### DATA EXCERPT

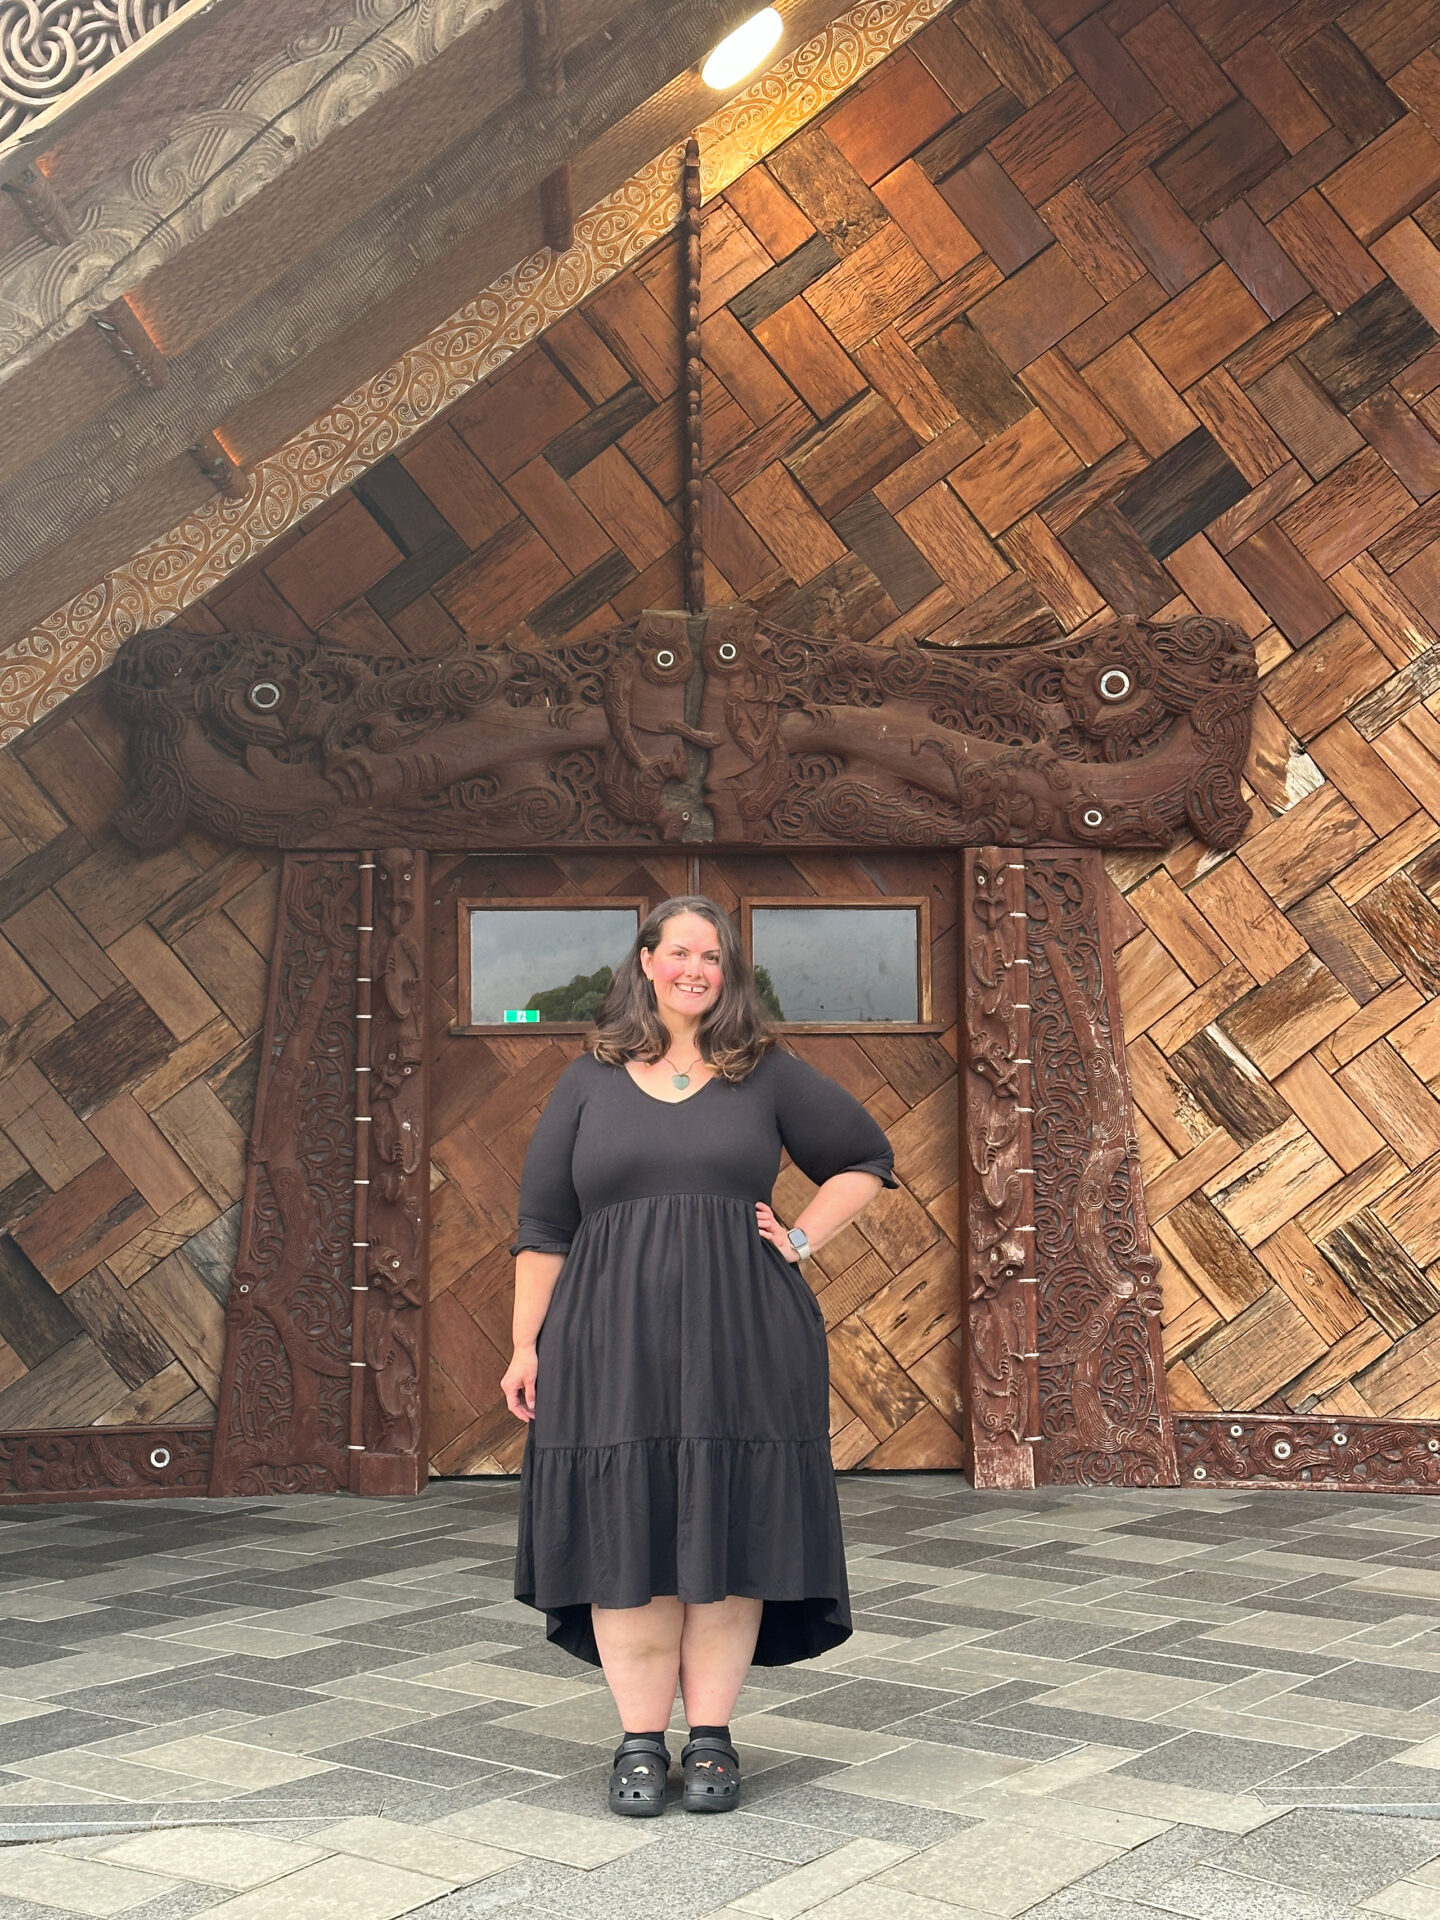 Meagan, a fat Māori woman with lipoedema, stands in front of Ngākau Māhaki, the whare whakairo (carved meeting house) on Te Noho Kotahitanga Marae. She is wearing a black flowing dress and black platform crocs.
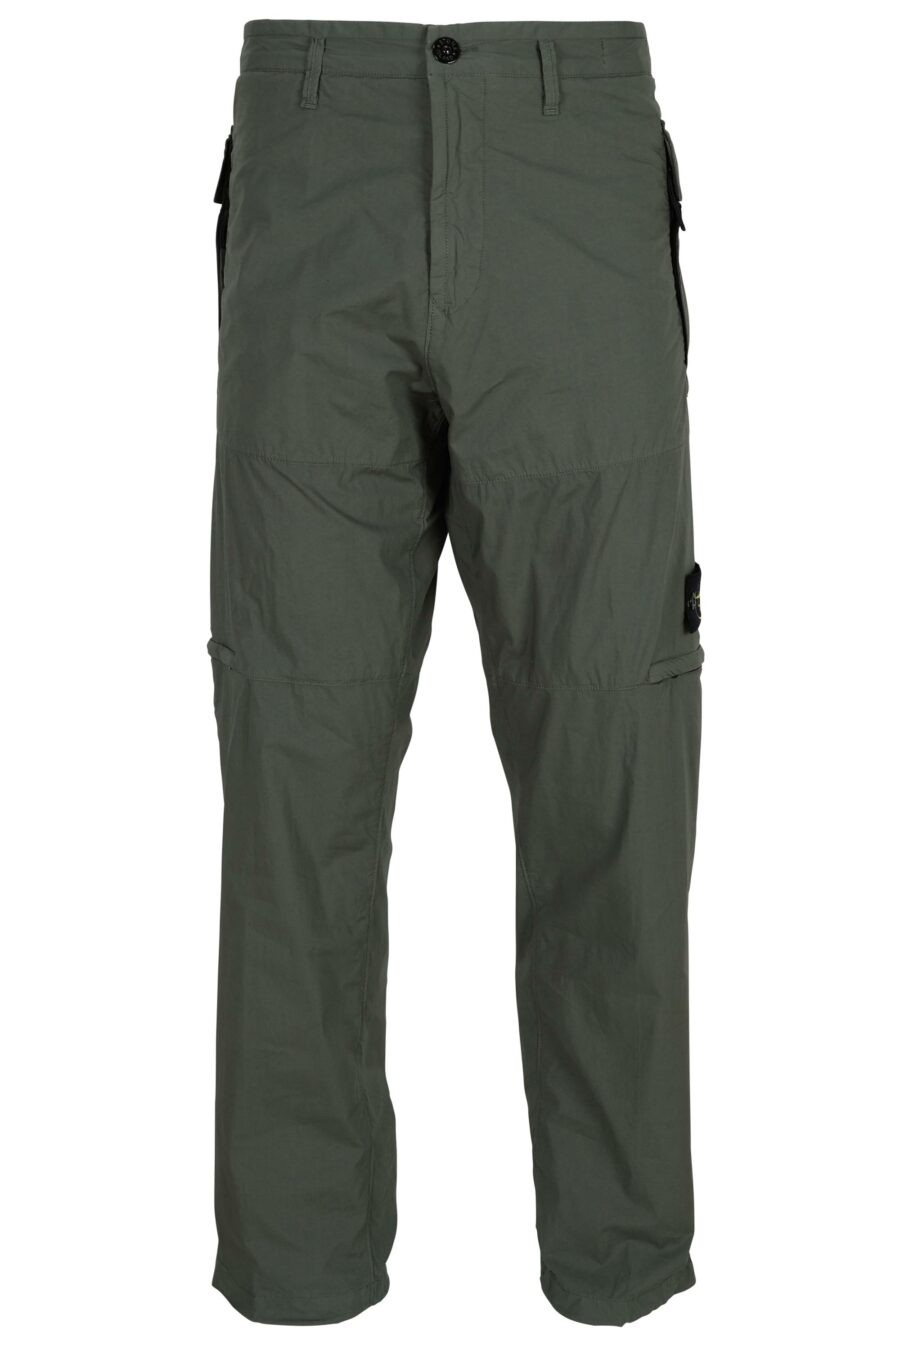 Militärgrüne "normale" Hose mit Logo-Kompass-Aufnäher - 8052572955013
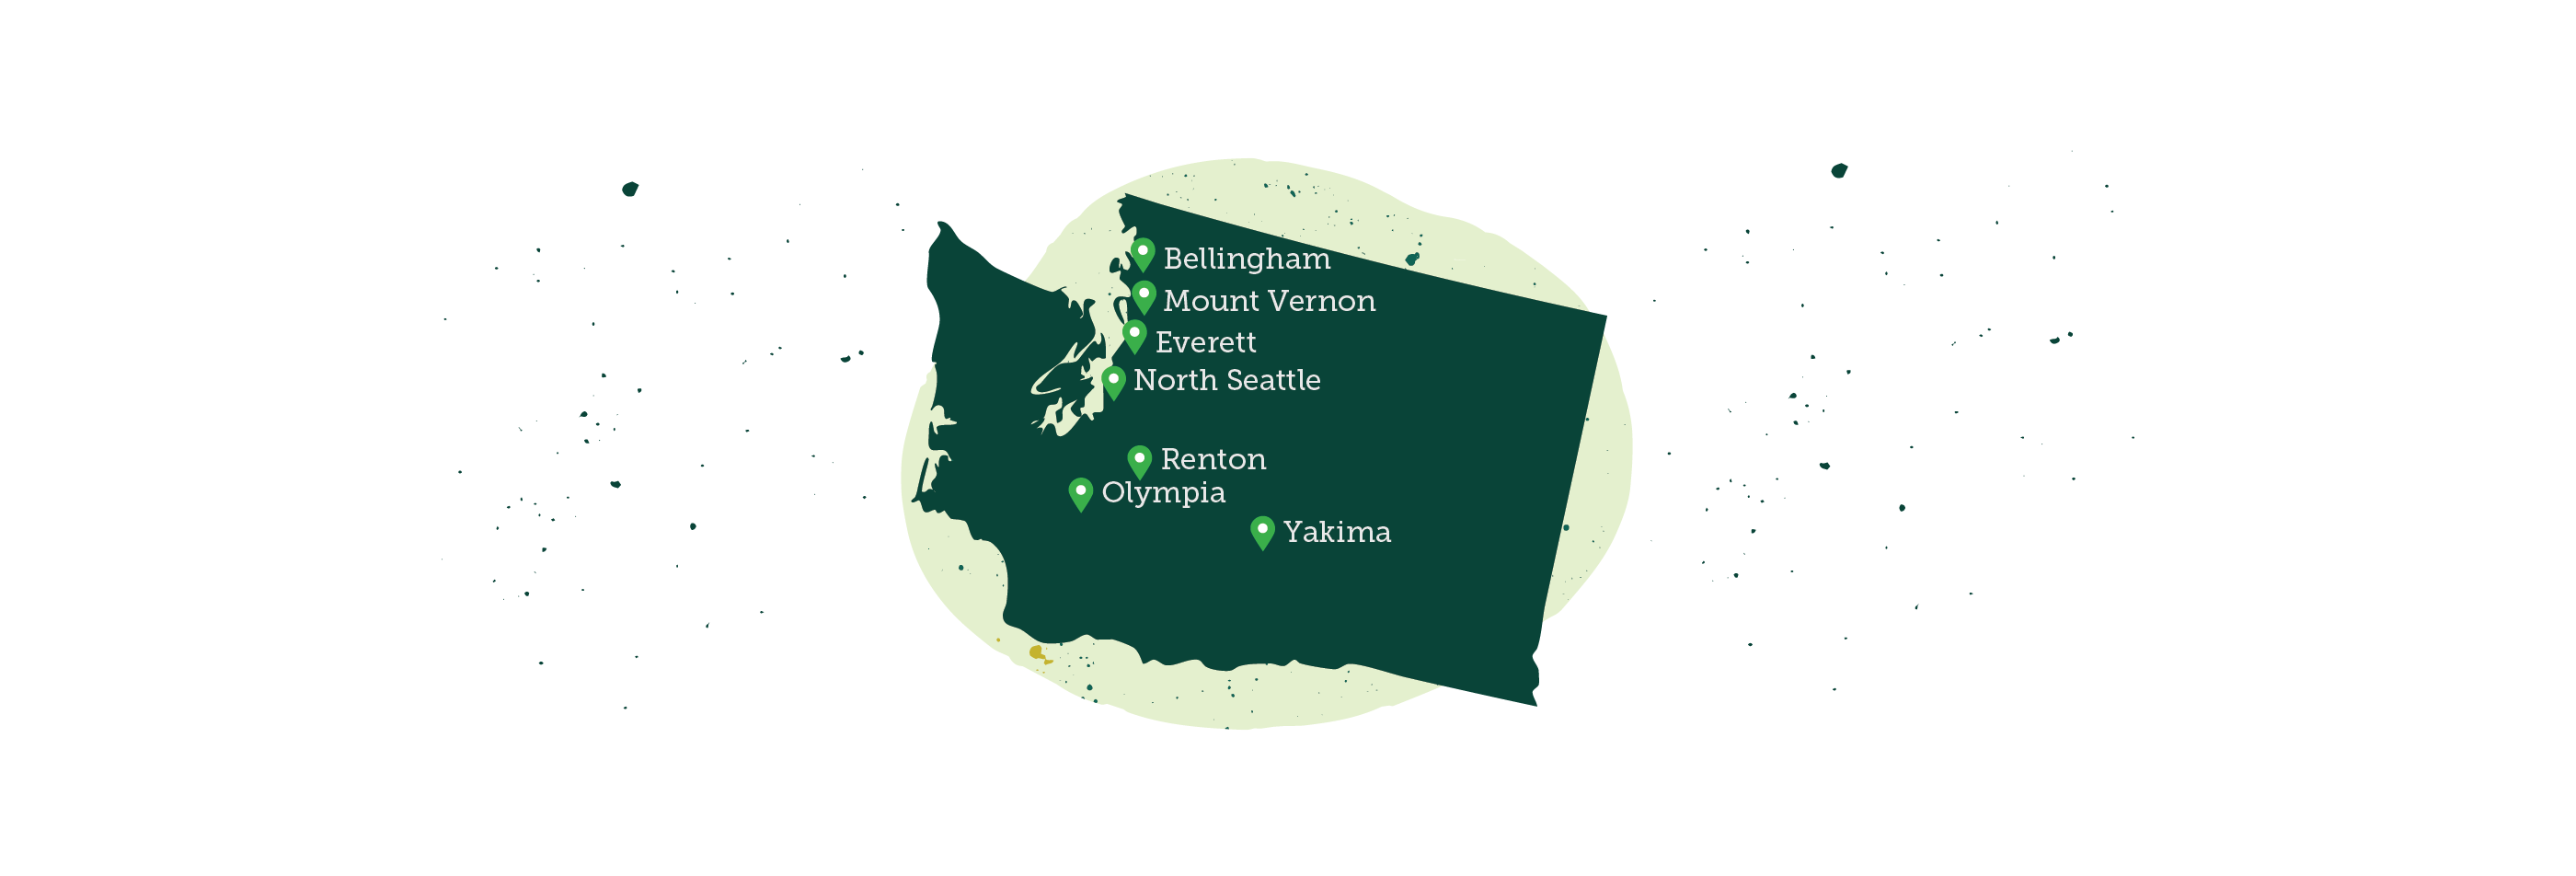 Stylized map of Washington showing Evergreen locations

######

▸ **WHAT THIS TASK INVOLVES**: Starting at the line that contains "Logo-Kompass-Aufnäher - 8052572955013", restate each line verbatim through the final line of the listing, skipping all pictures.

▸ **RESPONSE**:
 Militärgrüne "normale" Hose mit Logo-Kompass-Aufnäher - 8052572955013
 Stylized map of Washington showing Evergreen locations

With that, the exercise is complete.